When there is a mass or abnormality present in the body of your pet and x-rays don’t reveal their nature, a biopsy needs to be performed.
Before performing a biopsy, the veterinarian will check your pet’s health and take x-rays, blood test and check heart.
There are a number of methods used to perform a biopsy.
Fine Needle Aspirate – Usually a local anesthetic is used. A small tissue sample from the mass is removed. Pros are it’s fast and safe but sometimes inconclusive.
Punch Biopsy – is usually used for skin, mouth or anal opening masses. The punch tool cuts into the mass, a sample of tissue is lifted out and cut. This procedure may need 1 or 2 sutures.
Incision Biopsy – Recommended for treatment decision, it involves surgical removal of a piece of tissue.
Excisional Biopsy – If small, the entire mass is surgically removed being careful to avoid spreading the tumor.
Endoscopic Biopsy – A fiber-optic tube with camera is inserted to see any abnormalities and collect tissue samples. This is useful without invasive surgeries for organs such as lungs, liver, stomach, etc. Requires a shorter recovery time.
Laporoscopy – A small incision is made and a fiber-optic tube inserted to examine the abdomen and remove tissue samples.
Thorascoscopy – A fiber-optic tube is inserted into chest to see lungs and collect tissue samples.
All tissue samples are then sent to a pathologist for further examination and interpretation.

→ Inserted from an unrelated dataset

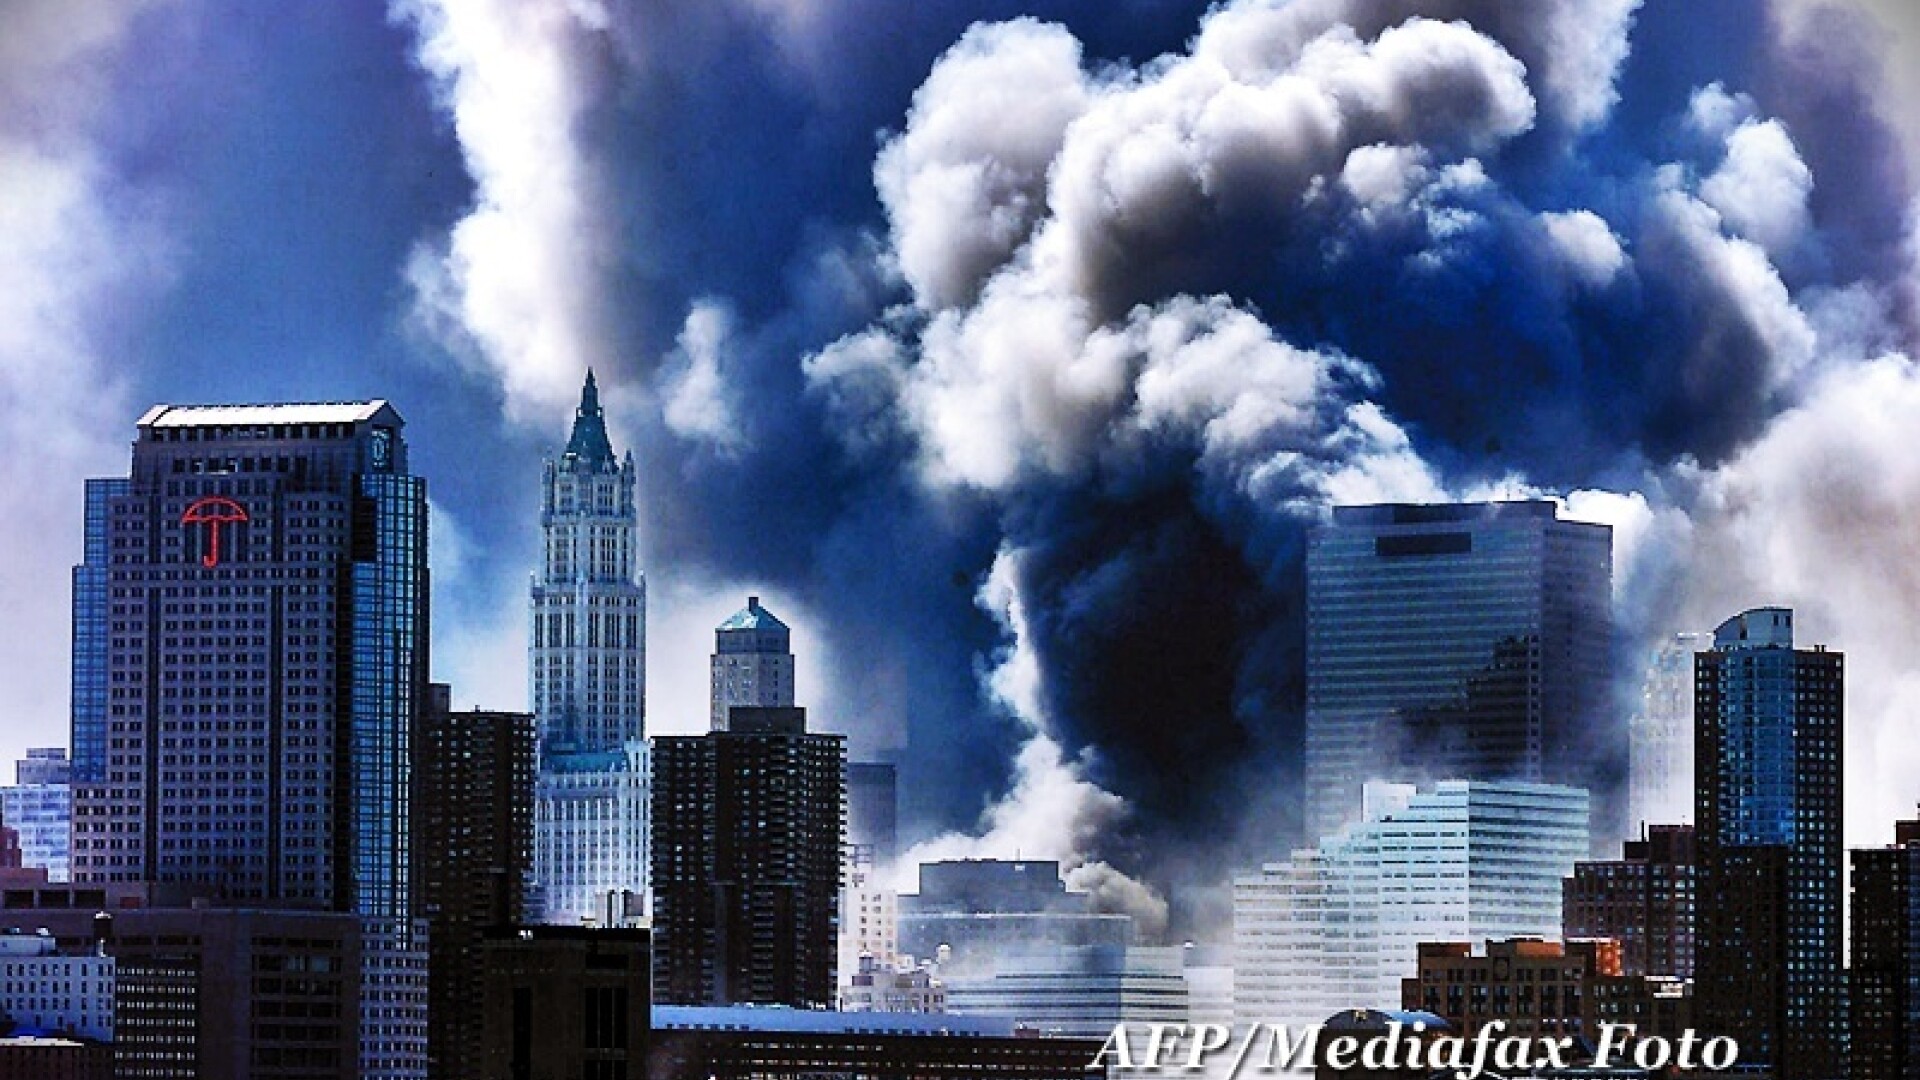 Atentatele de la 11 septembrie 2001 - 2
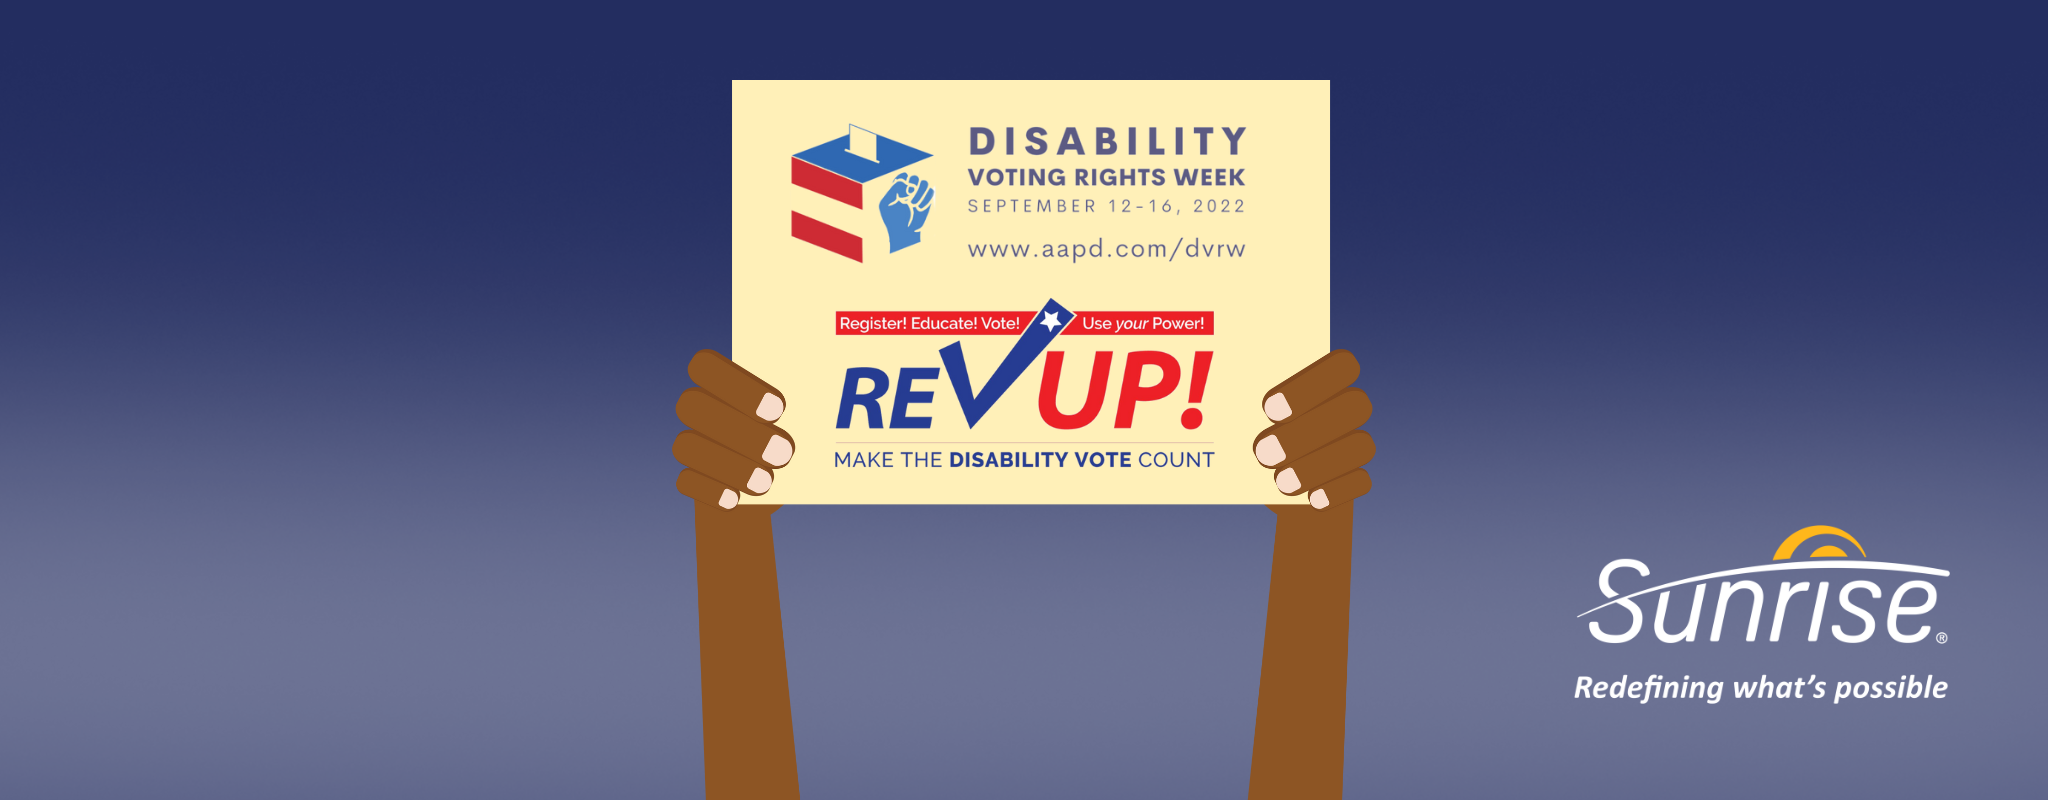 Semaine du droit de vote des personnes handicapées 2022

With Osteosarcoma, biopsies are 90% accurate, but very painful and there is a risk of pathological fractures. OSA can usually be determined by x-ray. OSA usually involves amputation and the part is then sent to a laboratory for biopsy to confirm diagnosis.
Biopsies can tell what grade of cancer is present, but not survival time. Depending on the procedure used, a biopsy can take as little as 15 minutes to about an hour. Your pet may be sent home the same day or spend 1 or 2 days in the hospital.
Risks during these procedures are low. Pain medications are given and prescribed according to need.